37. The method of claim 34, further comprising sensing a direction
of rotation of said turbine.
38. The method of claim 34, further comprising: connecting a choke
valve to said flowline; sensing a first pressure in said flowline
on one side of said choke valve; and sensing a second pressure in
said flowline on the other side of said choke valve.
39. The method of claim 38, further comprising determining a flow
direction of fluid flowing through said choke valve, said
determination of said flow direction being based upon said first
and second pressures.
40. The method of claim 39, further comprising: connecting a master
valve to said flowline; controlling said master valve in response
to said flow direction.
41. The method of claim 34, further comprising supplying said
electrical power output to at least one electrically operated
device.
42. The method of claim 34, further comprising supplying said
electrical power output to at least one electrical power storage
device.
43. The method of claim 42, further comprising powering at least
one electrically operated device with said at least one electrical
power storage device.
44. The method of claim 42, further comprising: sensing a charge
level of said at least one electrical power storage device; and
when said charge level is below a first predetermined value,
causing said turbine to be in a first state wherein said turbine
generates electrical power.
45. The method of claim 44, further comprising: when said charge
level is above a second predetermined value, causing said turbine
to be in a second state wherein said turbine does not generate
electrical power.
46. The method of claim 34, further comprising: locating a control
station remotely from said subsea installation; and communicating
acoustically between said subsea installation and said control
station.
47. A system for generating an electrical power output from a
subsea installation positioned adjacent a floor of a body of water
and beneath a surface of said body of water, said subsea
installation comprising at least one flowline, said system
comprising a turbine positioned above said floor of said body of
water and beneath said surface of said body of water, said turbine
being operatively connected to said flowline, said turbine being
rotatable by fluid flowing through said flowline, said turbine
generating said electrical power output when said turbine is
rotated, and at least one direction sensor for sensing the
direction of rotation of said turbine.
48. A system for generating an electrical power output from a
subsea installation, said subsea installation comprising at least
one flowline, said system comprising: a turbine operatively
connected to said flowline, said turbine being rotatable by fluid
flowing through said flowline, said turbine generating said
electrical power output when said turbine is rotated, a choke valve
connected to said flowline; a first pressure sensor for sensing a
first pressure in said flowline on one side of said choke valve;
and a second pressure sensor for sensing a second pressure in said
flowline on the other side of said choke valve.

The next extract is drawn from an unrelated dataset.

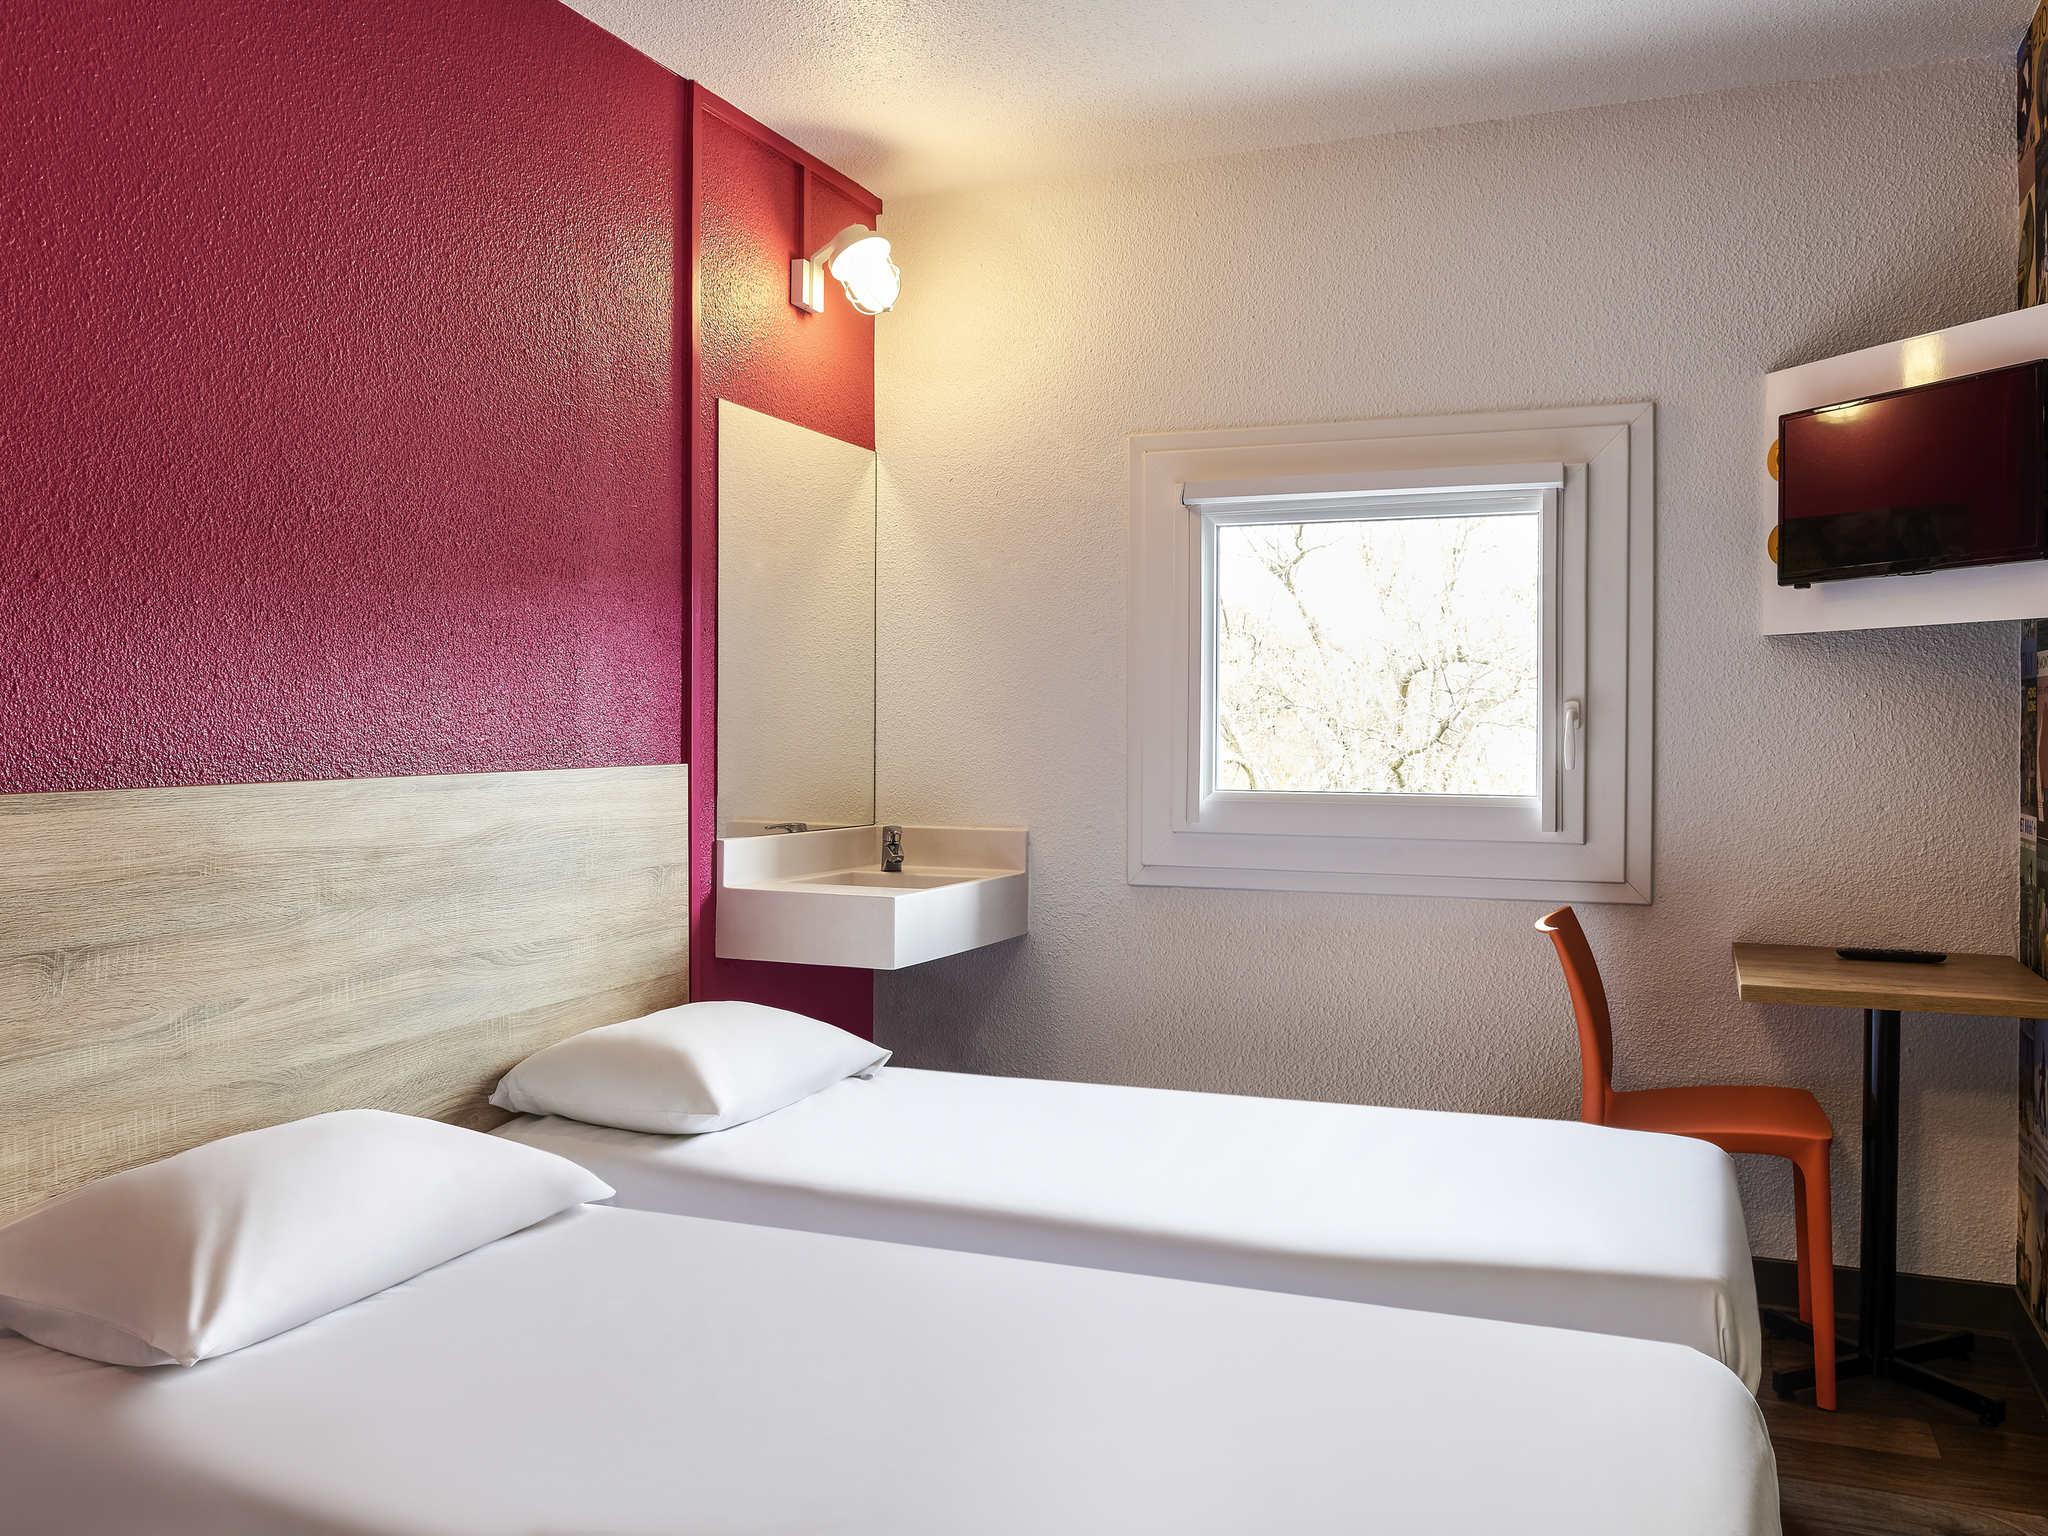 Hotell – hotelF1 Aix-en-Provence

49. The system of claim 48, further comprising a control module for
determining a flow direction of fluid flowing through said choke,
said determination of said flow direction being based upon said
first and second pressures.
50. The system of claim 48, further comprising a master valve
connected to said flowline, said control module controlling said
master valve in response to said flow direction.
51. A system for generating an electrical power output from a
subsea installation positioned adjacent a floor of a body of water
and beneath a surface of said body of water, said subsea
installation comprising at least one flowline, said system
comprising a turbine positioned above said floor of said body of
water and beneath said surface of said body of water, said turbine
being operatively connected to said flowline, said turbine being
rotatable by fluid flowing through said flowline, said turbine
generating said electrical power output when said turbine is
rotated, and at least one electrically operated component, said
electrical power output being supplied to said at least one
electrically operated component, wherein said at least one
electrically operated component comprises a valve actuator.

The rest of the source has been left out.